As defined in the Tier 1 Agreements:

"Good reason" means: (1) a material adverse change in authority, powers, functions, duties or responsibilities; (2) a material reduction in salary or bonus opportunity; (3) a failure to maintain material employee benefit or compensation plans; (4) a reassignment of the executive to an office location more than 50 miles from the executive's current location; or (5) a failure by Aon to require a successor to assume Aon's obligations under the severance agreement, and

"Cause" means: (1) a material breach by the executive of the executive's duties and responsibilities which is demonstrably willful and deliberate, which is committed in bad faith or without reasonable belief that the breach is in the best interests of Aon and which is not remedied in a reasonable period of time after receipt of written notice from Aon of such breach; (2) gross misconduct, theft, fraud, breach of trust or any act of dishonesty by the executive which results in material harm to Aon; or (3) the commission by the executive of a felony involving moral turpitude.

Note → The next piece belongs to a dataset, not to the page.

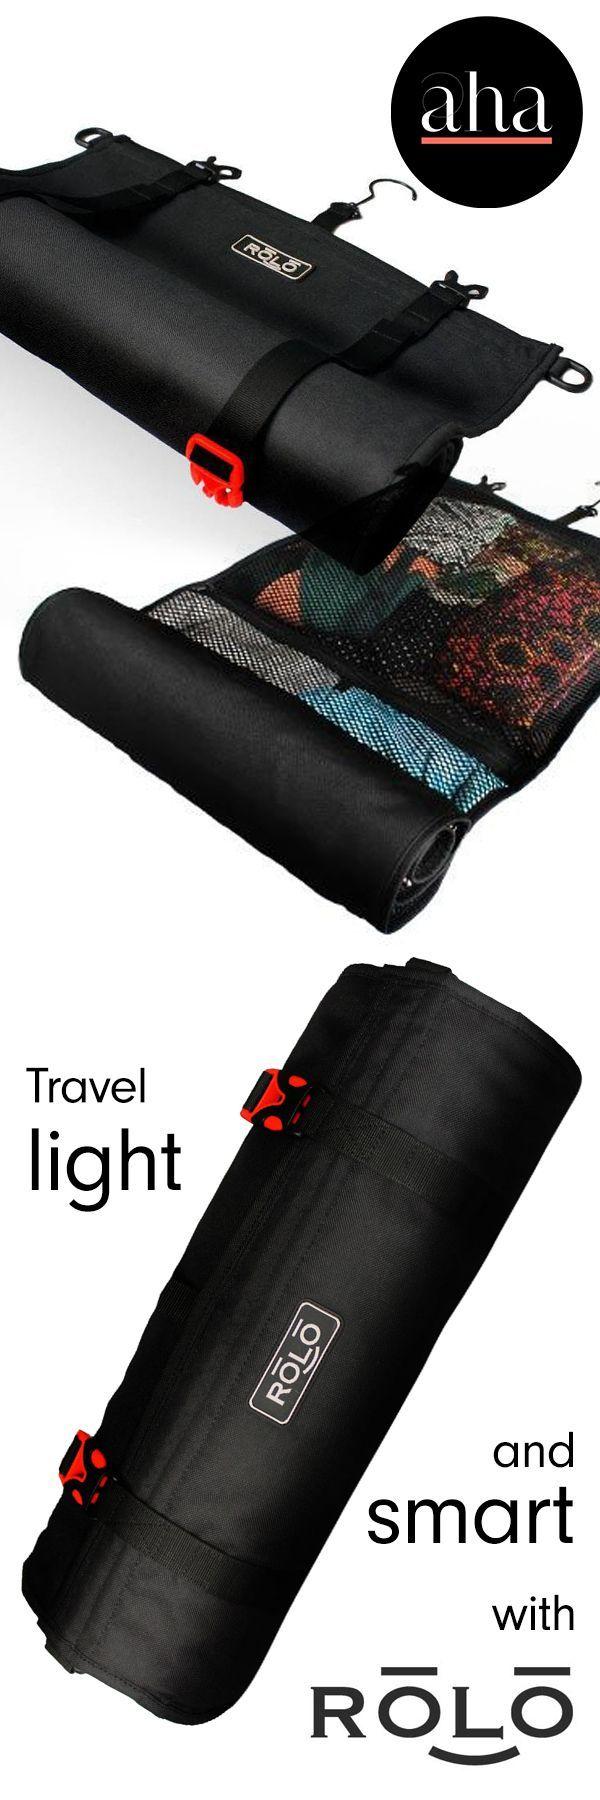 Rolo Multi Purpose Travel Bag Travel Bags Travel
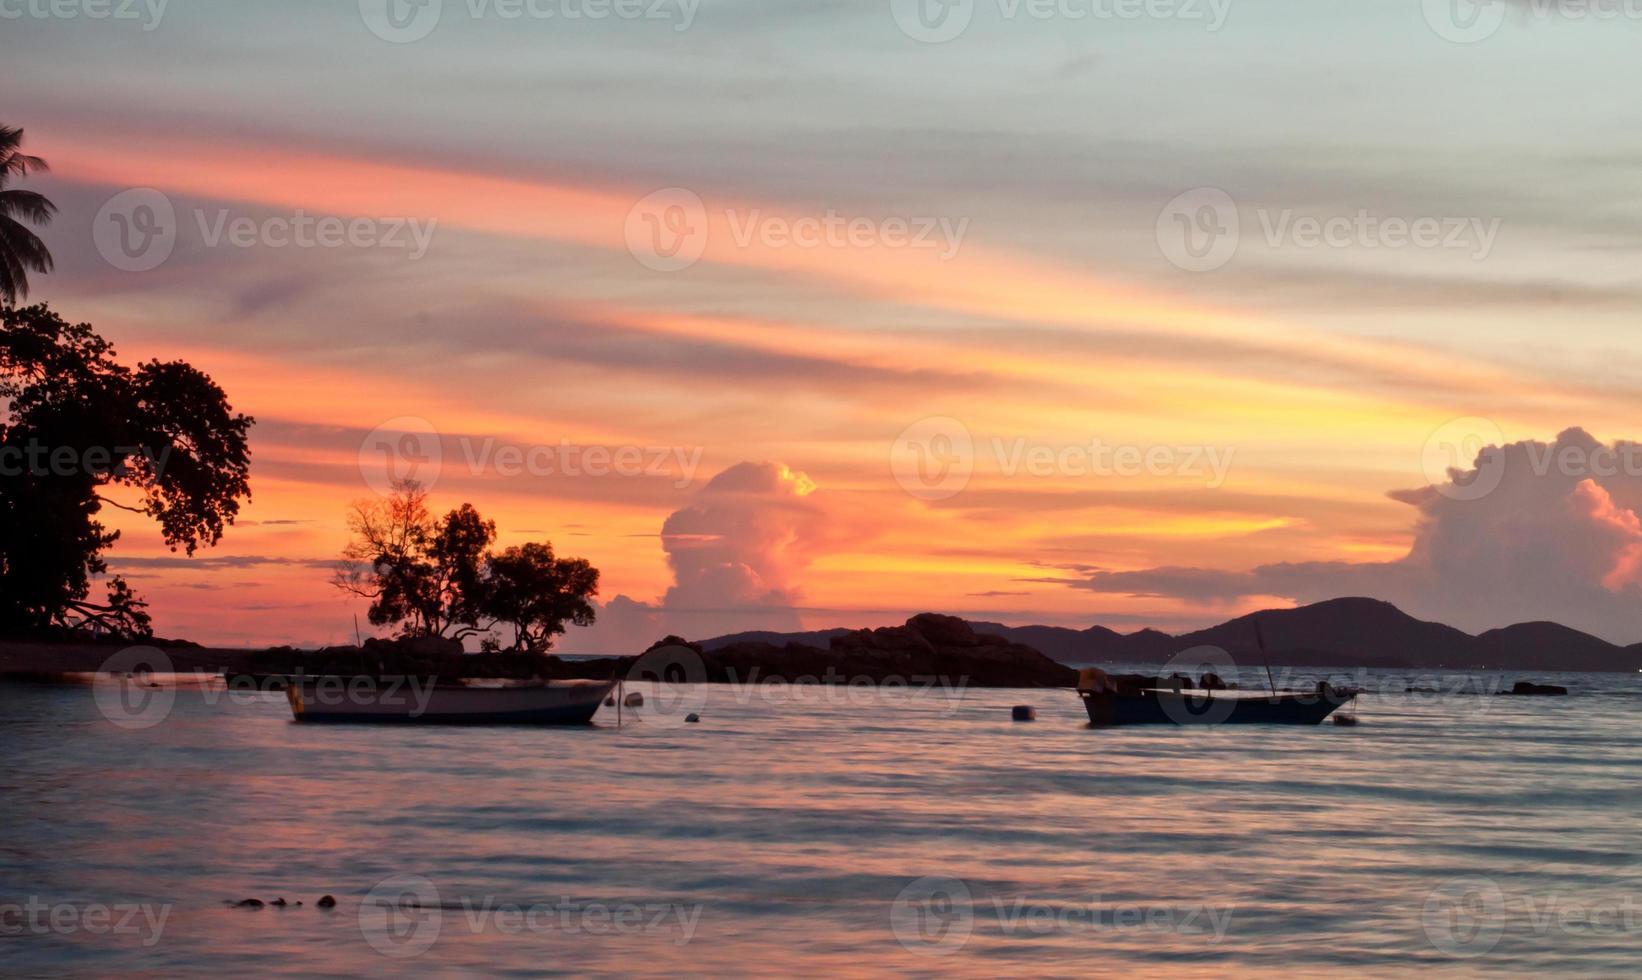 Pattaya, Tailandia, spiaggia di Wongamat al tramonto (vista koh larn) foto

Each Tier 1 Agreement between Aon and each Tier 1 Executive also requires that Aon maintain medical, dental and life insurance on behalf of Tier 1 Executives other than Mr. Case for two years (with regard to Mr. Case, for three years), or, if earlier, until the executive becomes eligible for substantially equivalent benefits from another employer. In addition, all share options and other equity awards will become fully vested and each option will remain exercisable until the expiration of its term. The agreements for executives not based in the United States were modified to conform to local benefit practices and to comply with local laws.

A "change-in-control" for purposes of the agreements generally occurs upon any of the following: (a) an acquisition of 30% or more of either outstanding Ordinary Shares or the combined voting power of the outstanding securities entitled to vote; (b) a change in the majority of the current Board; (c) a reorganization, merger or consolidation or sale or other disposition of all or substantially all of the assets of Aon (unless (i) the existing shareholders receive more than 60% of the outstanding Ordinary Shares and the combined voting power of the surviving company, as the case may be, (ii) no person or group owns 30% or more of the outstanding Ordinary Shares or combined voting power of the surviving company and (iii) there is no change in the majority of the Board); or (d) a liquidation or dissolution of Aon.

As a condition to the receipt of payments and benefits pursuant to the Tier 1 Agreement, the executive is required to enter into an agreement with Aon providing that the executive will not compete with Aon or solicit employees or customers of Aon for a two-year period and will not use or disclose any confidential information of Aon. In addition, the Tier 1 Agreement provides for a full release by the executive of claims in connection with the payment of severance benefits.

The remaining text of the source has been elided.